Lenny Bruce, the great antagonist of such taboos, was wrong. Use does not lead to invisibility. If the world intoned the racist/nationalist terminology long and loudly enough, he claimed, then the words would lose their edge, grow blunt and, useless, finally reach the trash. If, by now, anyone was still bothering to use nigger and its peers, it would have long ago become defused of all its power. Its only sin anachronism. Uncool. Thus he believed, thus he preached but he was surely frustrated. For the aggression the racist/nationalist slurs carry to have faded, like once-bright patterns on a stained and fraying carpet, was to ask for an unreal, even naive optimism. Not his usual schtick. Anyway, the terms were sculpted not sewn and they would not wear away. But woke would have hated him as much as the authorities who hunted him down.3 These are words, and there are many more, that have passed beyond the pale.
Slang has a problem with all this and I would not for a second deny that I have one too. If I may pass the buck, let me quote.
As my old friend the social commentator, critic and novelist Jonathan Meades put it back in 2010, ‘Slang is a depiction of the actual, of what we think rather than what we are enjoined to think.’ It is what is, as simple as that. Not what any brand of true believer declares what should be. I have never used asterisks unless the text from which I quote has already done so. It is not because I court some kind of transgressive thrill in using these forbidden terms, nor that I have grasped a figurative stars and bars or swastika, brandishing it for bonus effect as I run through the lexis of hate. It is because no-one, at least in the insult-dense context I am citing, has said n****r. Or for that matter ‘the [word]-word’, a formation, whether the missing word be n-, f- , c- , s- , p - or any other. Nor the [word]-bomb either. What they say is nigger and however loathsome and opprobrious and deliberately antagonistic it undoubtedly is, that is just what its users intend and we cannot blank our way out of that.

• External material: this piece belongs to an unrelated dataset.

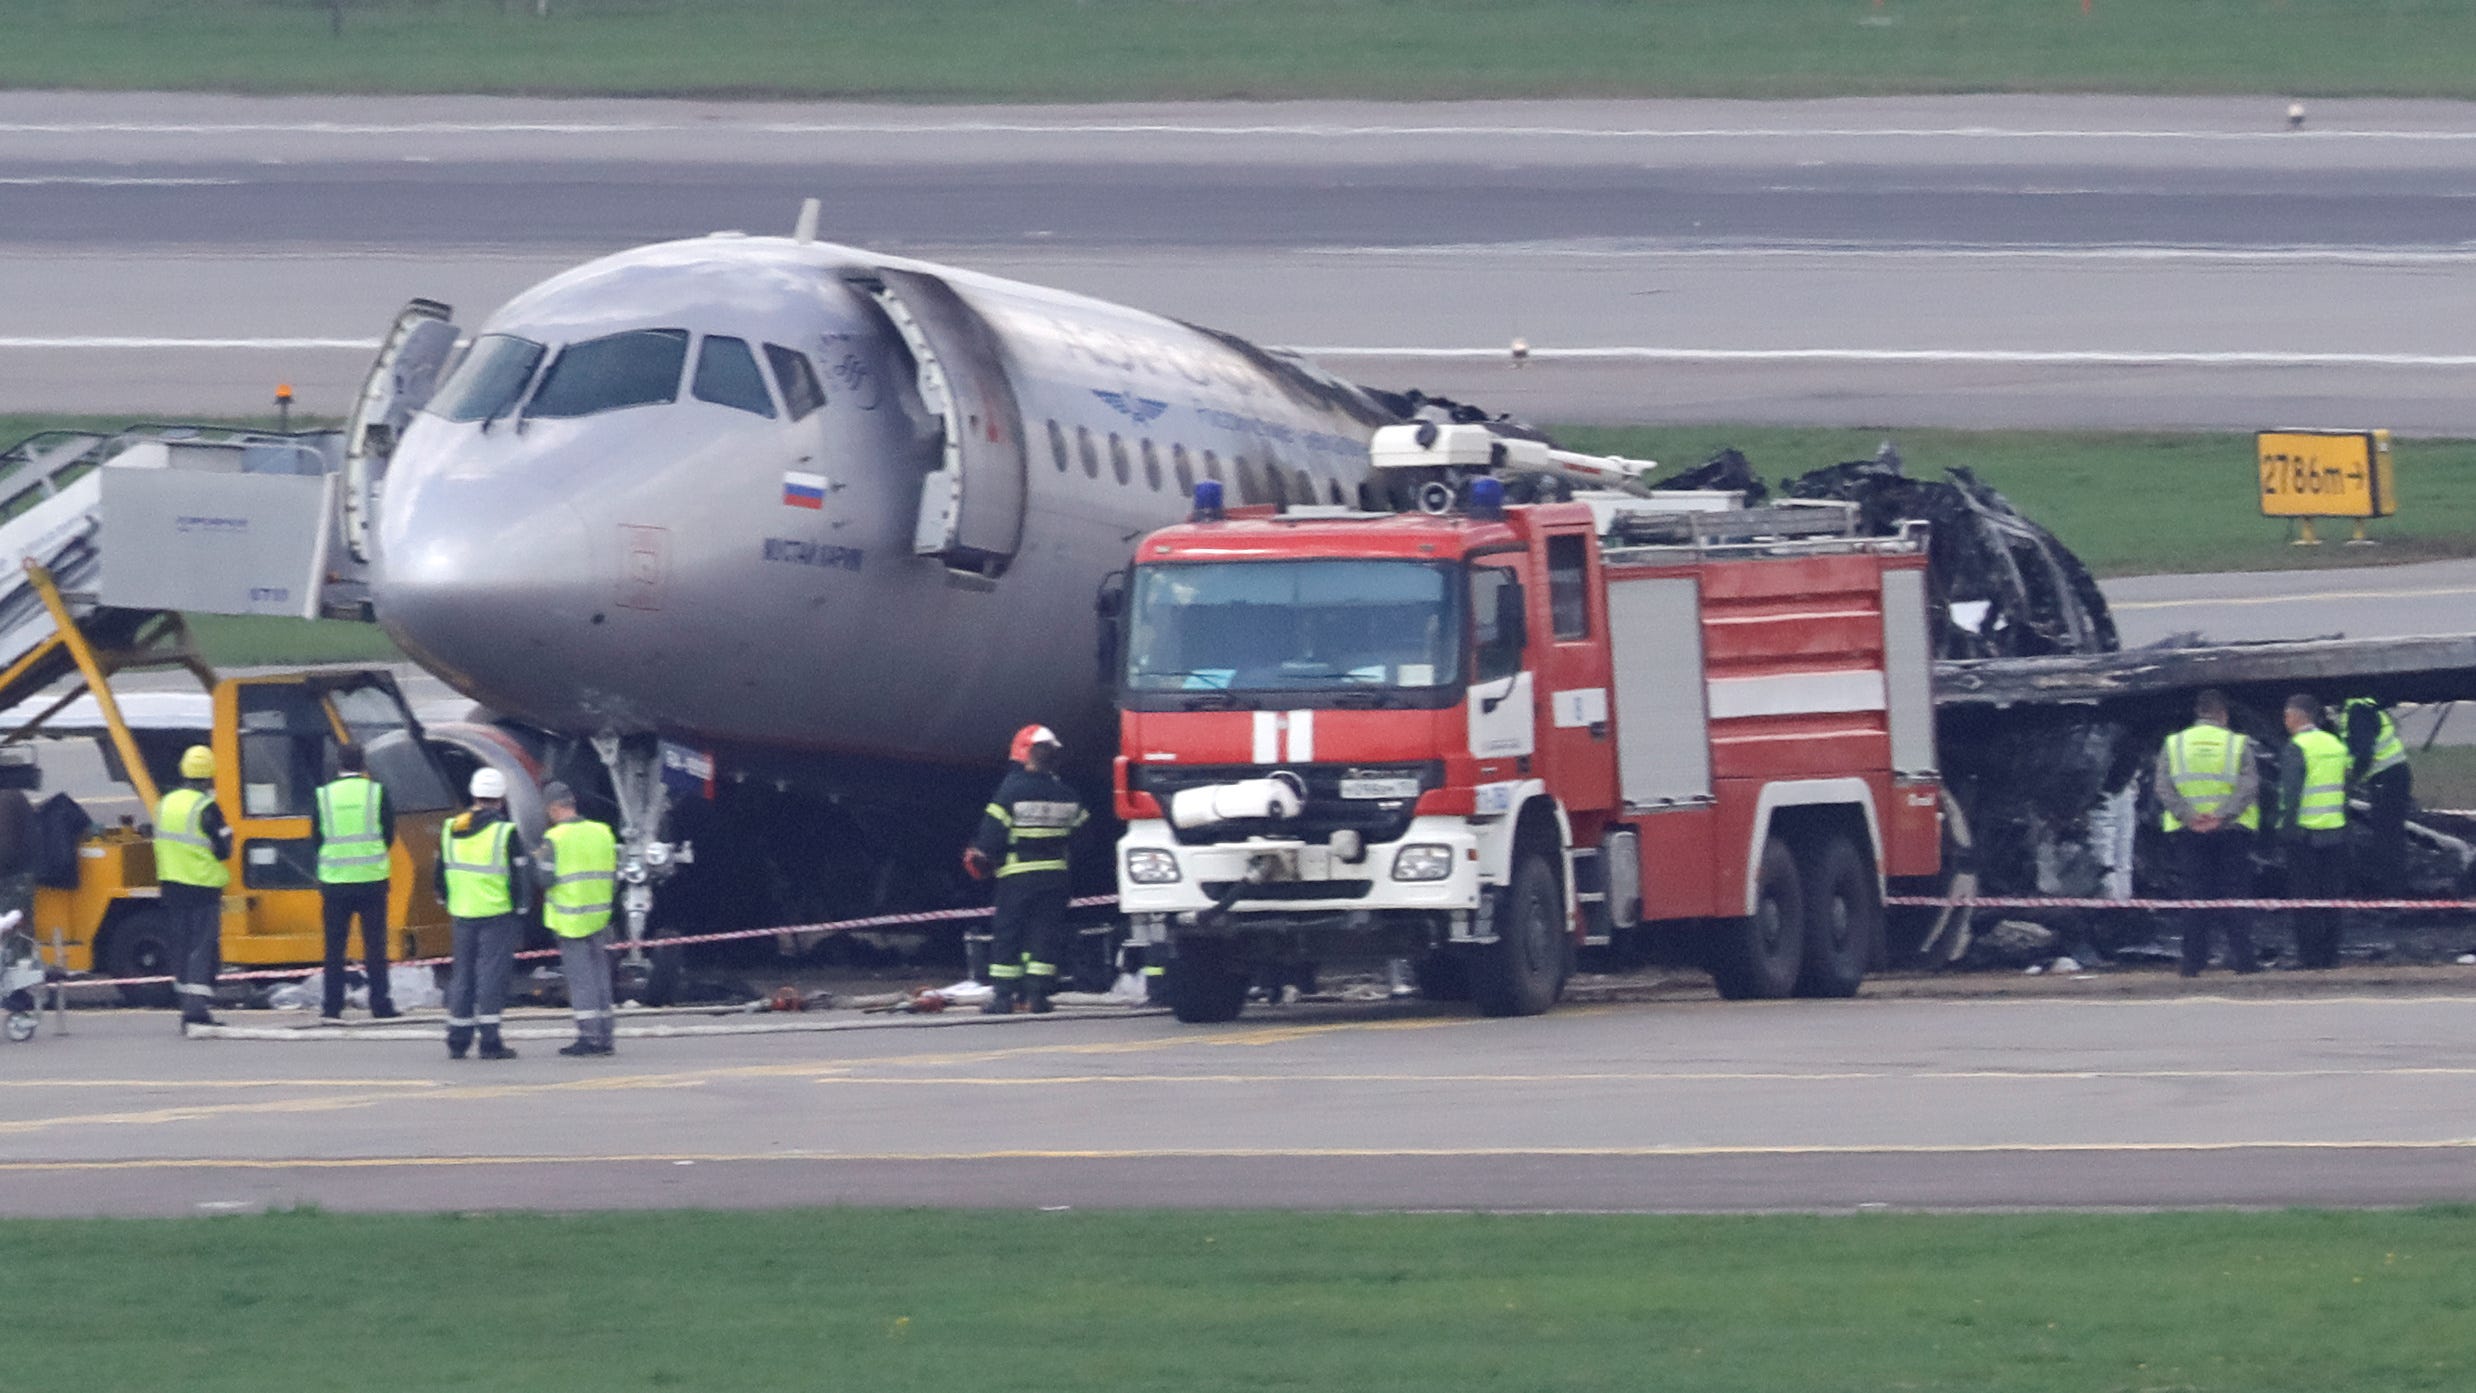 DATEIFOTO – Mitglieder von Rettungsdiensten und Ermittler arbeiten am Unfallort eines Vorfalls mit einem Passagierflugzeug vom Typ Aeroflot Sukhoi Superjet 100 am Moskauer Flughafen Scheremetjewo, Russland, 6. Mai 2019. REUTERS/Tatyana Makeyeva

In any case, what else is disguise in such contexts other than emphasis. The early 18th century satirist Tom Brown (or as his enemy Jonathan Swift called him T—m B—n), who seems to have invented the whole blank thing, when he substituted dashes for the internal letters of his targets’ names, knew that his readers, let alone his subjects, would have known exactly at whom his quill was pointing. What mattered was that he might thus avoid Britain’s notoriously prosecution-friendly libel laws, the only ones in which, still, there is no presumption of the defendant’s innocence and, as the legal maxim has it, ‘the greater the truth the greater the libel.’ Did (or do) those same blanks, inserted into what the fearful condemn as ‘bad’ language, ever guard one’s infant eyes from the literally unspeakable. At least once we knew what we were seeing. (For me that was at ten, I imagine it is much younger now). One might mention ‘bad’ people, but forget the adjective.4
My point: that denial is inded that river in Egypt and shoving your fingers in your ears and shrieking solves no problems. Does a working day, which for me means every day, pass without my seeing proof that all these words, branded as vile and rebarbative as they may be, are and always have been brandished across the social board. I am essentially anglophone, but I have no doubt that where there’s a slang, and that is everywhere, there’s a slur. That is how we work. In the racial/nationalist context, the other must be excluded and before exclusion stands demonization, exclusion from the ranks of ‘us’. Slang is tasked with lexical end of the job and performs as required.
My job is to catalogue a vocabulary, a lexis and offer that catalogue for use. Since the lexis is slang, and slang’s obsessions are what they are, it is nearer the gutter than the stars.5 To me that makes it human, as human as is possible. Dare I suggest, deliberately or otherwise, honest and revelatory too. If mirrors had ears this is what they would record. And while the OED has a substantial entry (revised in 2009) for human, I see no congratulatory definitions, though def. 2 offers ‘mundane, worldly [i.e. not spiritual]; imperfect, fallible.’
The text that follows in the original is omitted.